[RFC PATCH 0/3] Propose new struct drm_mem_region
Daniel Vetter
daniel at ffwll.ch
Wed Jul 31 08:05:32 UTC 2019
On Wed, Jul 31, 2019 at 8:54 AM Koenig, Christian
<Christian.Koenig at amd.com> wrote:
>
> Am 31.07.19 um 02:51 schrieb Brian Welty:
> [SNIP]
> >>>>>> +/*
> >>>>>> + * Memory types for drm_mem_region
> >>>>>> + */
> >>>>> #define DRM_MEM_SWAP ?
> >>>> btw what did you have in mind for this? Since we use shmem we kinda don't
> >>>> know whether the BO is actually swapped out or not, at least on the i915
> >>>> side. So this would be more NOT_CURRENTLY_PINNED_AND_POSSIBLY_SWAPPED_OUT.

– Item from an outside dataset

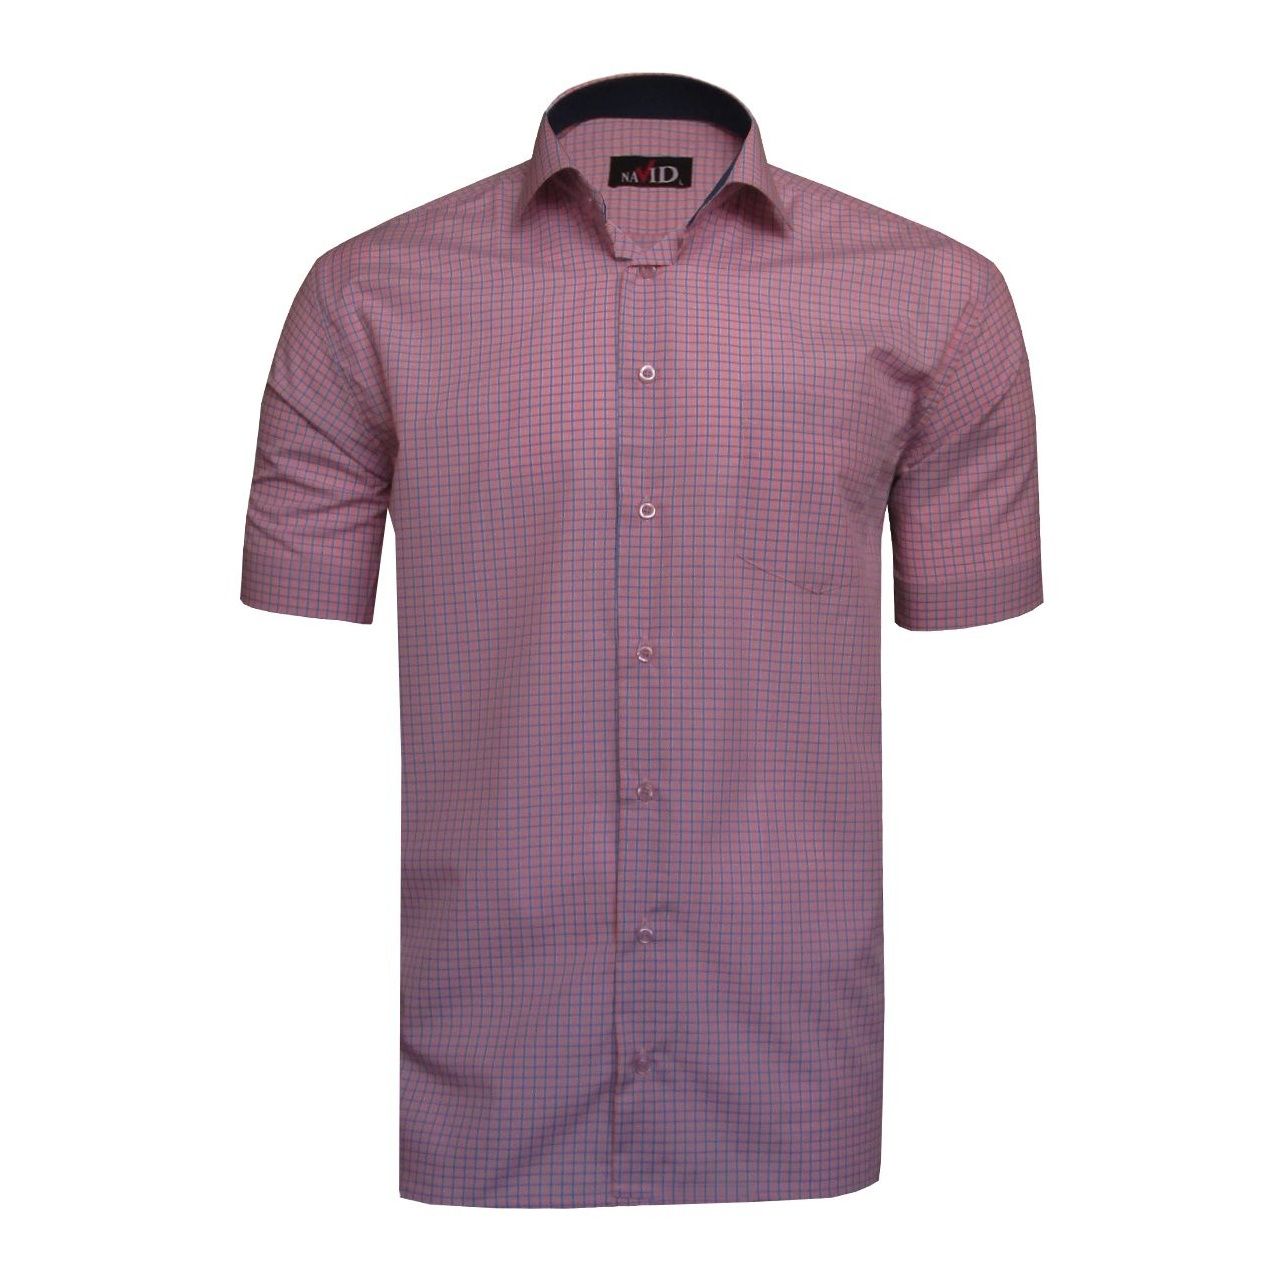 پیراهن آستین کوتاه مردانه نوید مدل TET-DAK کد 20310 رنگ آجری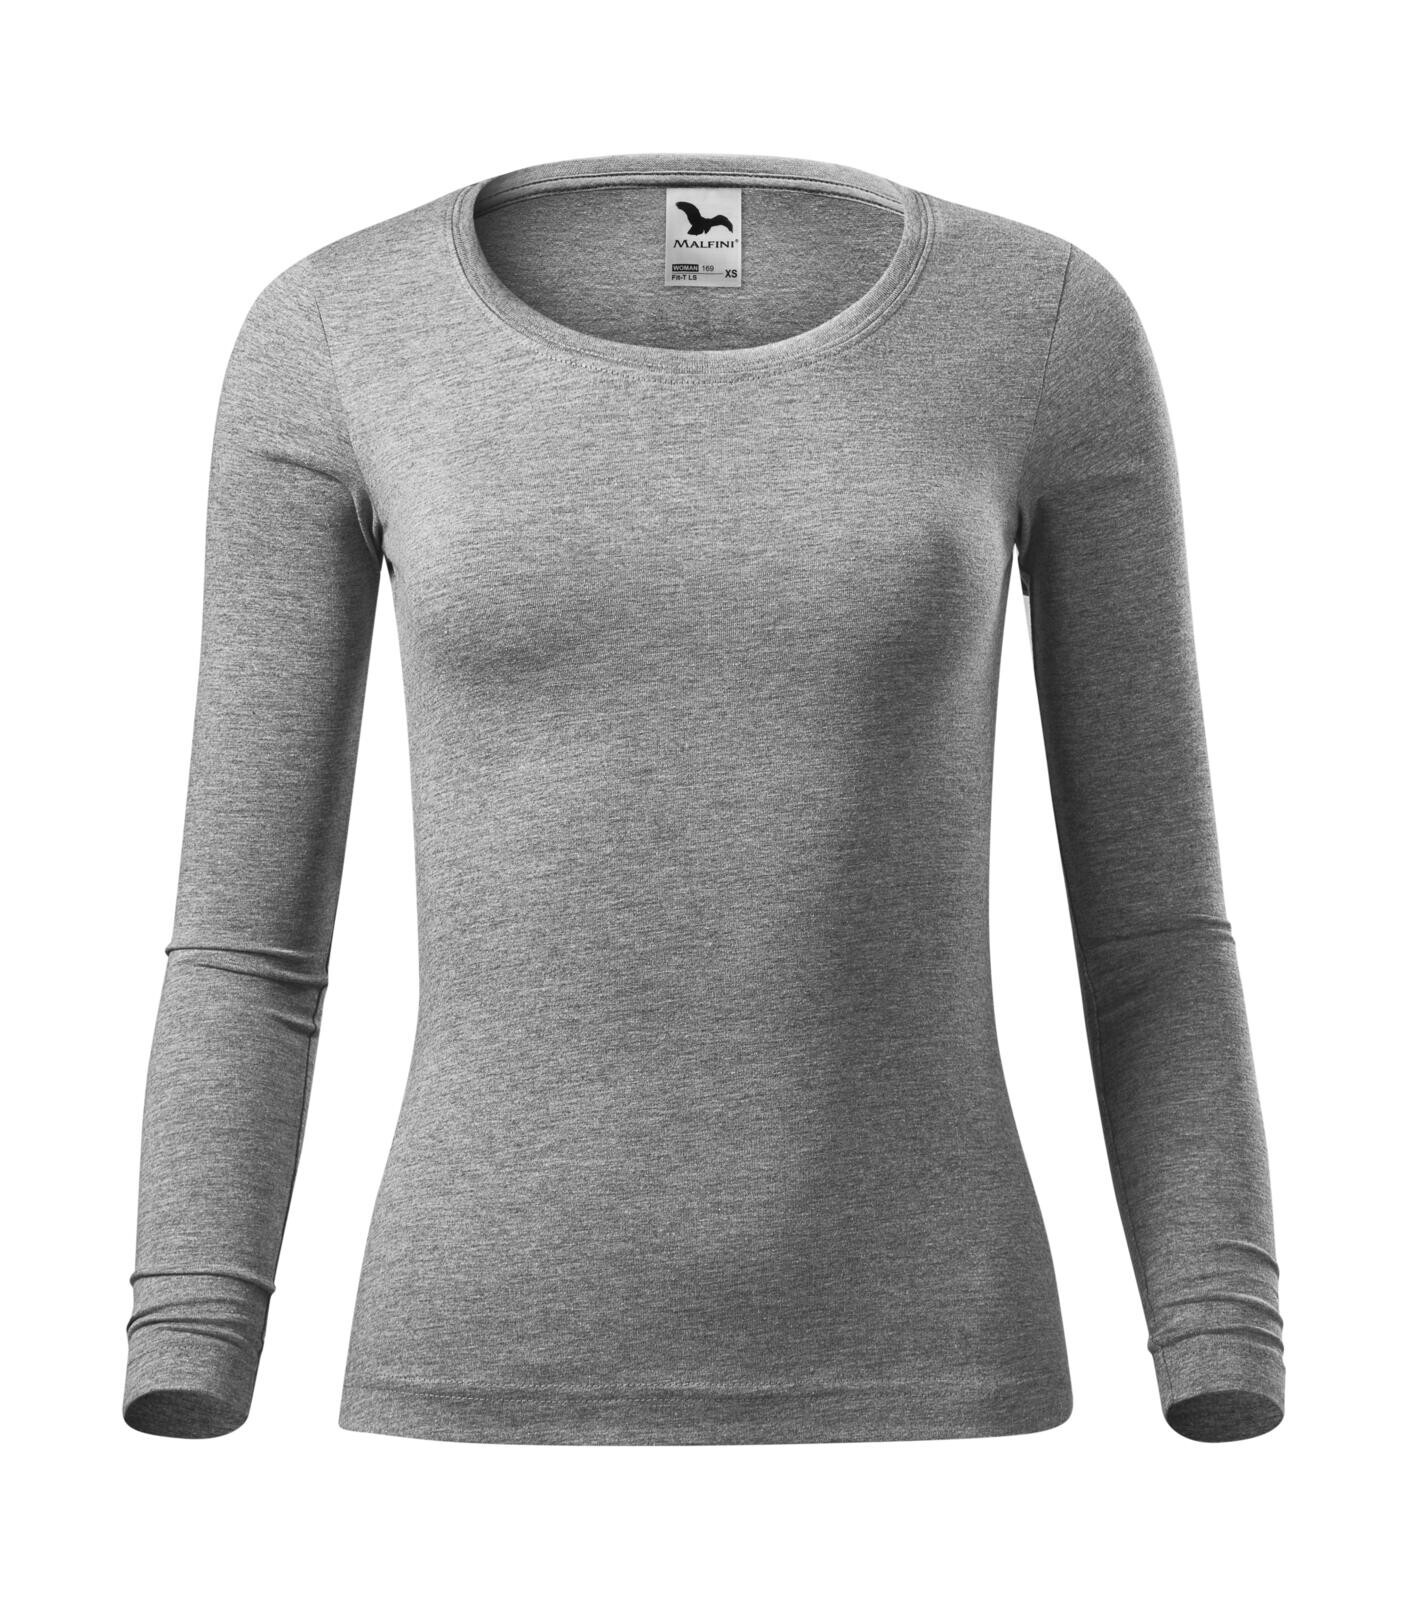 Dámske bavlnené tričko s dlhým rukávom Malfini Fit-T 169 - veľkosť: S, farba: tmavosivý melír

> >>> Yeah, the problem is not everybody can use shmem. For some use cases you
> >>> have to use memory allocated through dma_alloc_coherent().
> >>>
> >>> So to be able to swap this out you need a separate domain to copy it
> >>> from whatever is backing it currently to shmem.
> >>>
> >>> So we essentially have:
> >>> DRM_MEM_SYS_SWAPABLE
> >>> DRM_MEM_SYS_NOT_GPU_MAPPED
> >>> DRM_MEM_SYS_GPU_MAPPED
> >>>
> >>> Or something like that.
> >> Yeah i915-gem is similar. We oportunistically keep the pages pinned
> >> sometimes even if not currently mapped into the (what ttm calls) TT.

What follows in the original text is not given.